Appeal by the defendant from a judgment of the Supreme Court, Kings County (Jerome Cohen, J.), rendered April 8, 1986, convicting him of robbery in the second degree (four counts) and criminal possession of a weapon in the fourth degree, upon a jury verdict, and imposing sentence. The appeal brings up for review the denial of that branch of the defendant’s omnibus motion which was to suppress physical evidence.
Ordered that the judgment is affirmed.
The hearing court correctly denied the defendant’s motion to suppress the gun found in the bag which the defendant was carrying when apprehended by the police. The evidence adduced at the hearing established that the police officers received a radio transmission reporting an armed robbery and a *742description of the perpetrators. As they proceeded to the crime scene, the arresting officer observed the defendant and his companions, who matched the description, and detained them for the purpose of making inquiry.
In People v Tratch (104 AD2d 503), it was held that the reasonable suspicion possessed by a police officer who stopped the defendant and then frisked him for weapons to protect himself, also warranted the precautionary measure of frisking the shopping bag carried by the defendant which could have contained a gun. Having discovered a vinyl carrying case which was designed to carry a revolver, the police officer was held to have acted reasonably in opening the case and seizing the gun. People v Tratch (supra) was cited with approval by the Court of Appeals in People v Brooks (65 NY2d 1021). In Brooks, the court affirmed that where a gun is involved in the crime for which the suspect is validly stopped and frisked, the police officers "are not limited to a patdown of the suspect’s person and may examine personal items capable of concealing a weapon within the suspect’s grabbable reach 'as an incident to an inquiry upon grounds of safety and precaution’ ” (People v Brooks, supra, at 1023, quoting from People v Pugach, 15 NY2d 65, 69; see also, People v Jones, 138 AD2d 746; People v Covert, 134 AD2d 444; People v Belk, 100 AD2d 908).

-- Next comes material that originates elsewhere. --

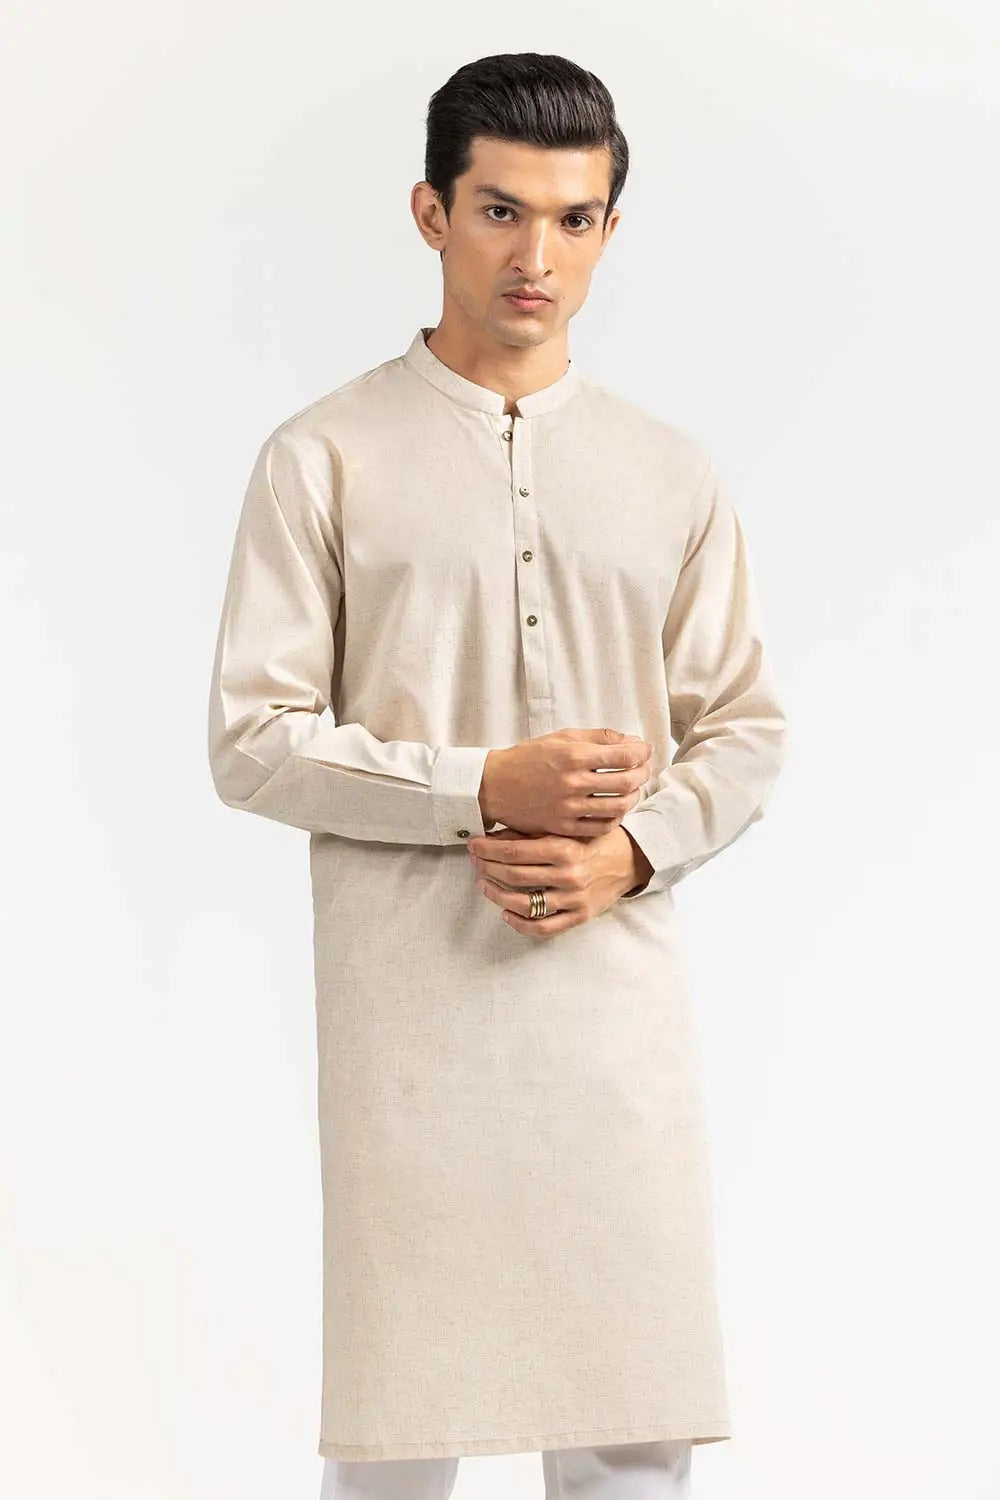 Gul Ahmed Ready to Wear Basic Cream Kurta - KP-1851

It hardly needs to be repeated that the Fourth Amendment is "not a guarantee against all seizures, but only against unreasonable seizures” (United States v Sharpe, 470 US 675, 682). The police officers were justified in detaining the defendant and his companions for investigative purposes. Since the police officers had been apprised that the perpetrators were armed, their safety concerns warranted a frisk of the bag held by the defendant, which had made a metallic sound when it was dropped by him. When that frisk revealed that the bag contained an object which felt like a gun, it was proper police work for the officer to verify his reasonable belief that the bag contained a gun. The police action in the instant case fully met the reasonableness standard as it was justified at its inception and reasonable in scope (see generally, United States v Sharpe, supra; Terry v Ohio, 392 US 1; People v Hicks, 68 NY2d 234).
The defendant’s remaining contentions have not been preserved for appellate review and nothing in the record warrants the exercise of our interest of justice jurisdiction (see, CPL 470.05; People v Charleston, 56 NY2d 886, 887-888; cf., People v Yut Wai Tom, 53 NY2d 44, 55). Mangano, J. P., Bracken, Hooper and Sullivan, JJ., concur.